Speak to a Broadbench specialist today to calculate exactly how much you could save by switching your personal life cover to a Relevant Life policy.
FAQs
Am I eligible to take out a Relevant Life Insurance policy?
You must have a limited company to benefit from the tax savings that a relevant life insurance policy offers. If you do not have a limited company then standard Life Insurance will offer you the protection you need.
Do I get any money back if I don't die before the Relevant Life Insurance policy term ends?
No. There’s no cash value at any time. Just like standard Life Insurance at the end of your Relevant Life Insurance policy term you stop making payments and your cover ends.
Can my mortgage be covered with Relevant Life Insurance?
If you have an interest-only mortgage, your outstanding mortgage loan stays the same until you repay it at the end of the mortgage term. Level Relevant Life Insurance could cover this type of mortgage.
How does Relevant Life Insurance work? What do I need to know?
Like standard Life Insurance, it provides your loved ones with a large tax-free, one-off payment, or monthly payments if you pass away. It can be used to pay the mortgage off or help your family with living expenses. You are covered only for the duration (term) of the policy and cover only lasts while you keep up monthly premiums. Monthly payments can be reduced by combining this with a Critical Illness policy.
The key difference between Life Insurance and Relevant Life Insurance is that with Relevant Life Insurance the cost of the premiums is moved from your own pocket to your company expenses. This saves you tax and reduces the cost of your monthly premiums.
Additionally, this is not treated as a benefit-in-kind; the premium is not included as a P11D benefit, nor are premiums subject to National Insurance payments for the employer or employee.
There is significant tax relief with a Relevant Life plan and your business can claim Corporation Tax Relief on the premiums. Plus, the payout itself is tax-free.
Do I get any money back if I don't die before the policy term ends?
No. Like standard term life insurance, there is no cash value at any time. At the end of the policy term, you stop making payments and your cover ends.
What is Terminal Illness Cover?
Terminal Illness Cover will pay out when you contract an illness/ disease that has no known cure or has progressed to a point where it cannot be cured, and you aren’t expected to live longer than 12 months.
What's the difference between Relevant Life Insurance and Over 50s protection?

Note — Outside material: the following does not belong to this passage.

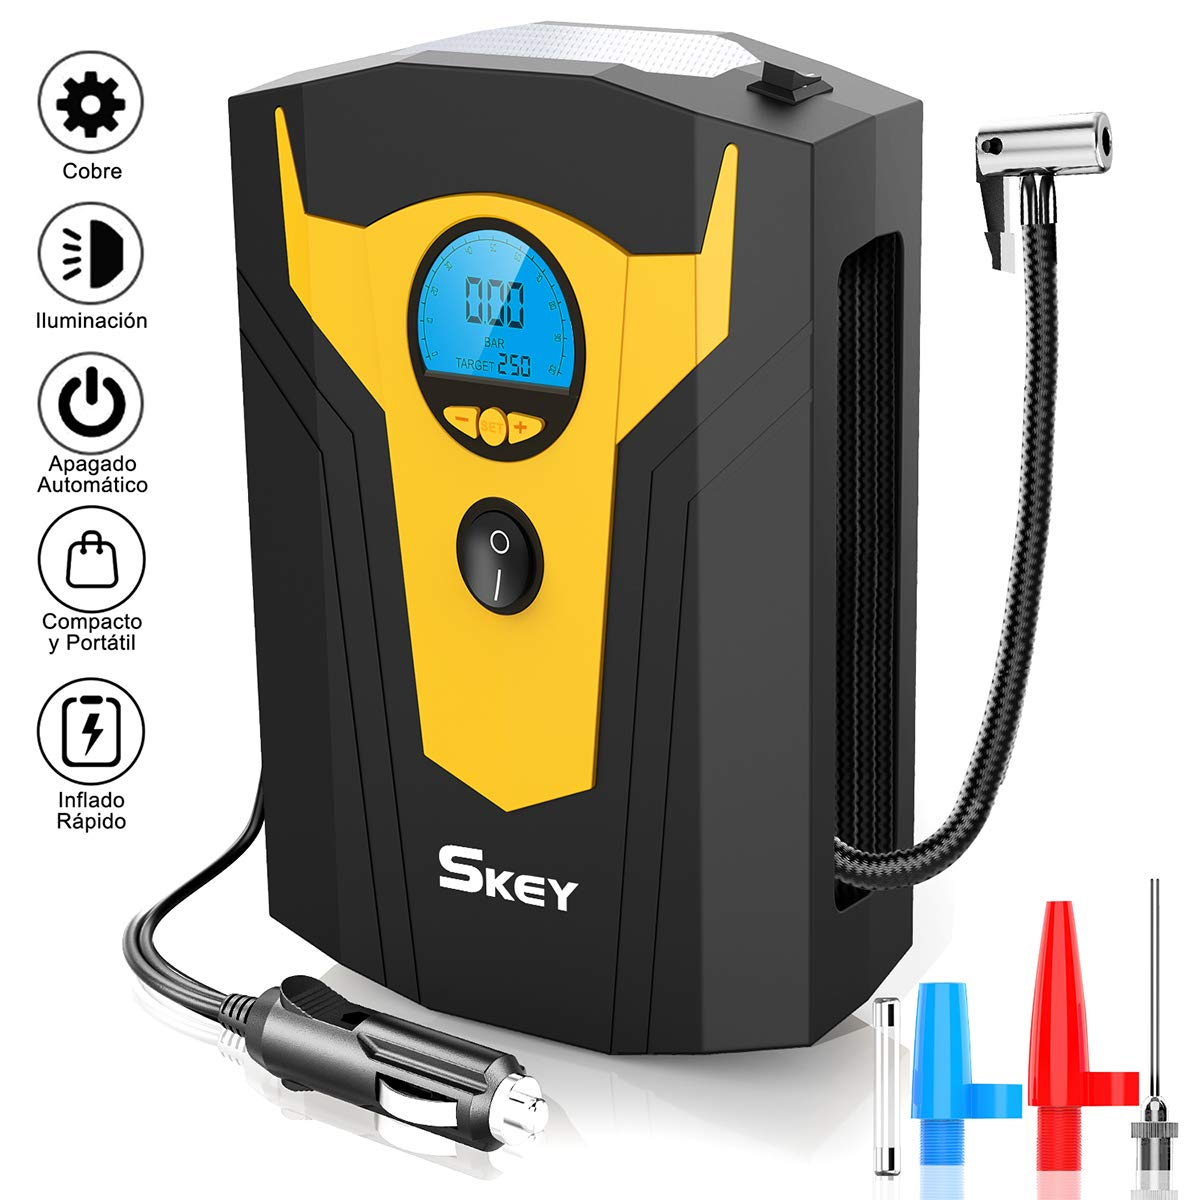 SKEY Compresor de Aire Coche Portatil Bomba Inflador 12v con LED Pantalla Digital LCD para Hinchar Neumáticos de Moto Coche y Bicicleta product image

The main difference is that Relevant Life Insurance is a tax-efficient term policy, so it covers you for a specific amount of time, while over-50 life insurance is a whole of life policy, so it covers you for the rest of your life.
Typically to take out a Relevant Life Insurance policy you need to be aged between 18 and 77 to apply, and your coverage stops at the end of the policy term. You choose a cover amount, and if you want your cover to remain the same, be protected from the effects of inflation, or decrease over time broadly in line with a repayment mortgage or loan. You can take out a single or joint life insurance policy.
If you’re not sure which one might be right for you, speak to a Broadbench financial adviser.
What’s the difference between Relevant Life and Life Insurance?
Life Insurance is cover that you pay for with your own money. However, if you are set up as a limited company, you can pay for your Life Insurance through your business, as a tax-deductible expense, saving you 20%. This is known as Relevant Life Insurance.